HDFS Colocation is the data location control function provided by HDFS. The HDFS Colocation API stores associated data or data on which associated operations are performed on the same storage node. Hive supports the HDFS Colocation function. When Hive tables are created, after the locator information is set for table files, data files of related tables are stored on the same storage node when data is inserted into tables using the insert statement (other data import modes are not supported). This ensures convenient and efficient data computing among associated tables. The supported table formats are only TextFile and RCFile.

Procedure

Log in to the node where the client is installed as a client installation user.
Run the following command to switch to the client installation directory, for example, /opt/client:

cd /opt/client
Run the following command to configure environment variables:

source bigdata_env
If the cluster is in security mode, run the following command to authenticate the user:

kinit MRS username
Create the groupid through the HDFS API.

hdfs colocationadmin -createGroup -groupId <groupid> -locatorIds <locatorid1>,<locatorid2>,<locatorid3>

In the preceding command, <groupid> indicates the name of the created group. The group created in this example contains three locators. You can define the number of locators as required.
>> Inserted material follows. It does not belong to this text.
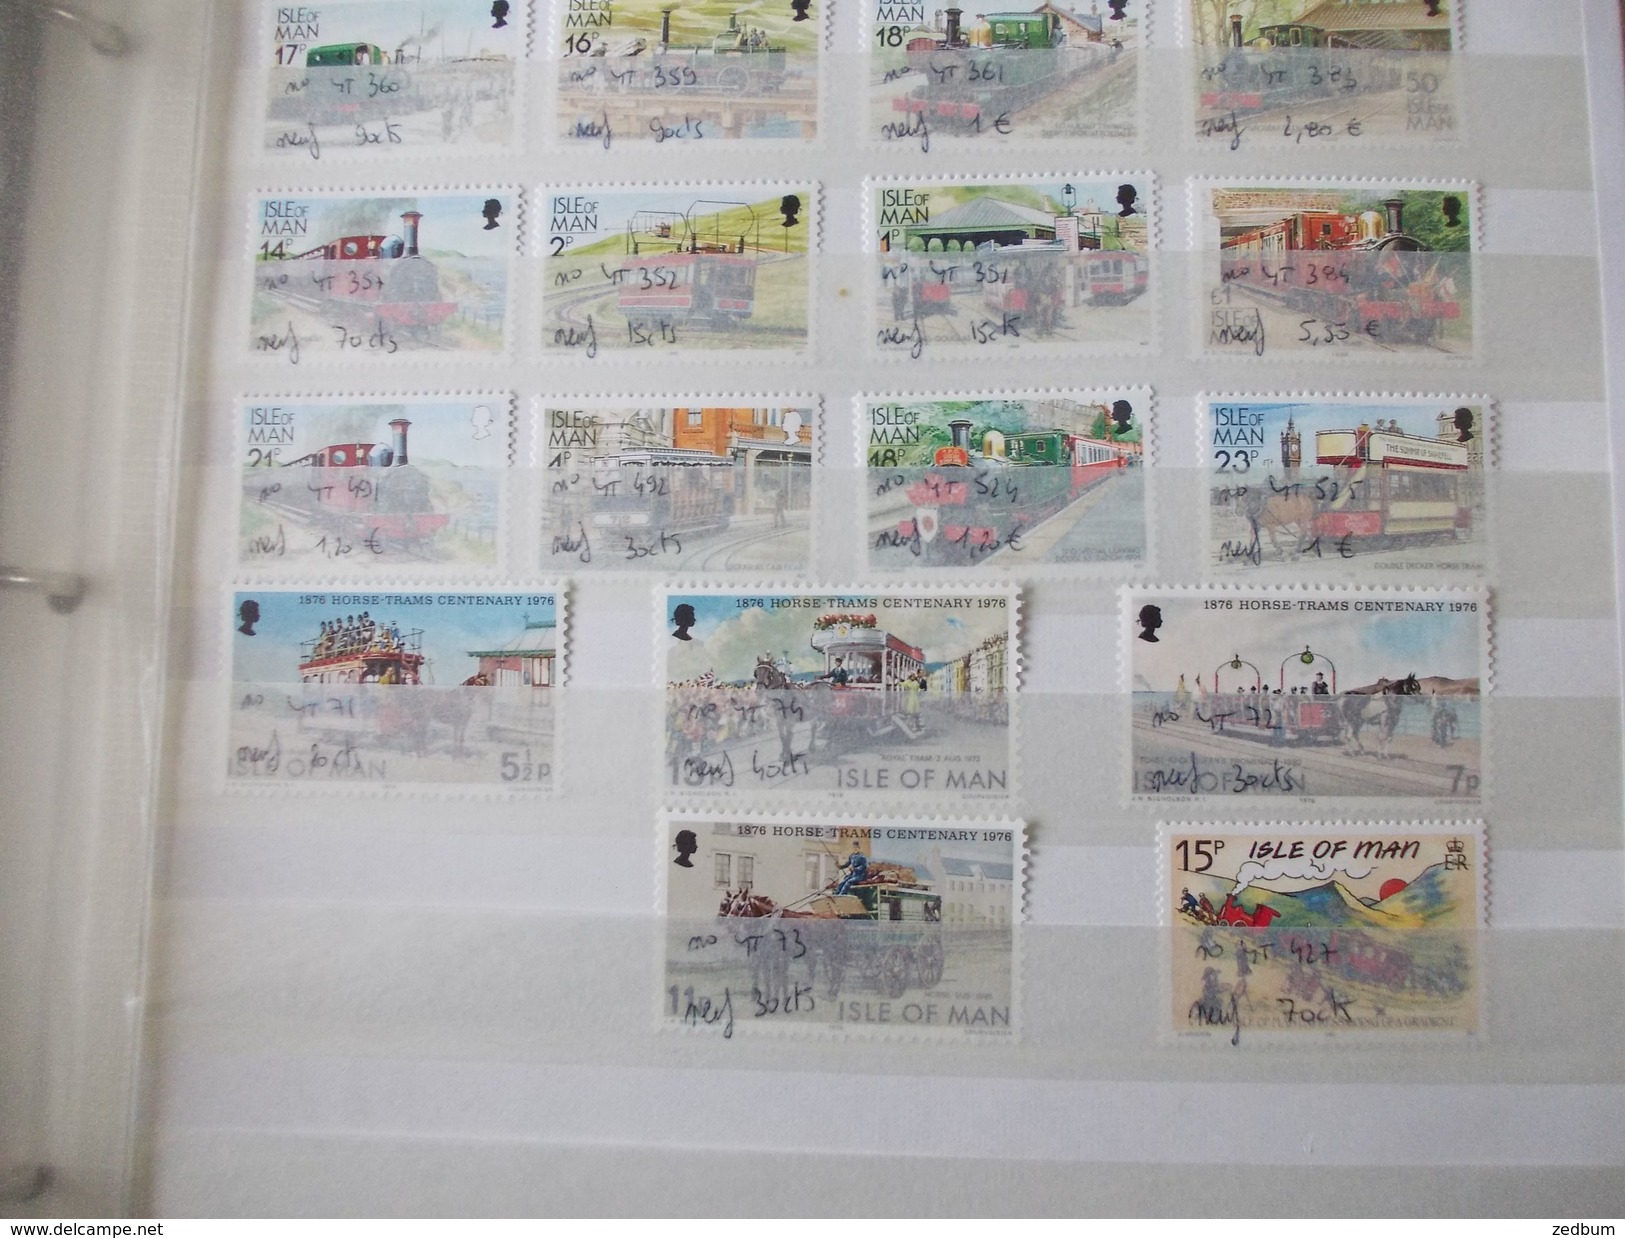 ALBUM 5 collection de timbres avec pour thème le chemin de fer train de tout pays valeur 447.50 &euro;

For details about group ID creation and HDFS Colocation, see HDFS description.
Run the following command to log in to the Hive client:

beeline
Enable Hive to use colocation.

Assume that table_name1 and table_name2 are associated with each other. Run the following statements to create them:

CREATE TABLE <[db_name.]table_name1>[(col_name data_type , ...)] [ROW FORMAT <row_format>] [STORED AS <file_format>] TBLPROPERTIES("groupId"=" <group> ","locatorId"="<locator1>");

CREATE TABLE <[db_name.]table_name2> [(col_name data_type , ...)] [ROW FORMAT <row_format>] [STORED AS <file_format>] TBLPROPERTIES("groupId"=" <group> ","locatorId"="<locator1>");

After data is inserted into table_name1 and table_name2 using the insert statement, data files of table_name1 and table_name2 are distributed to the same storage position in the HDFS, facilitating associated operations among the two tables.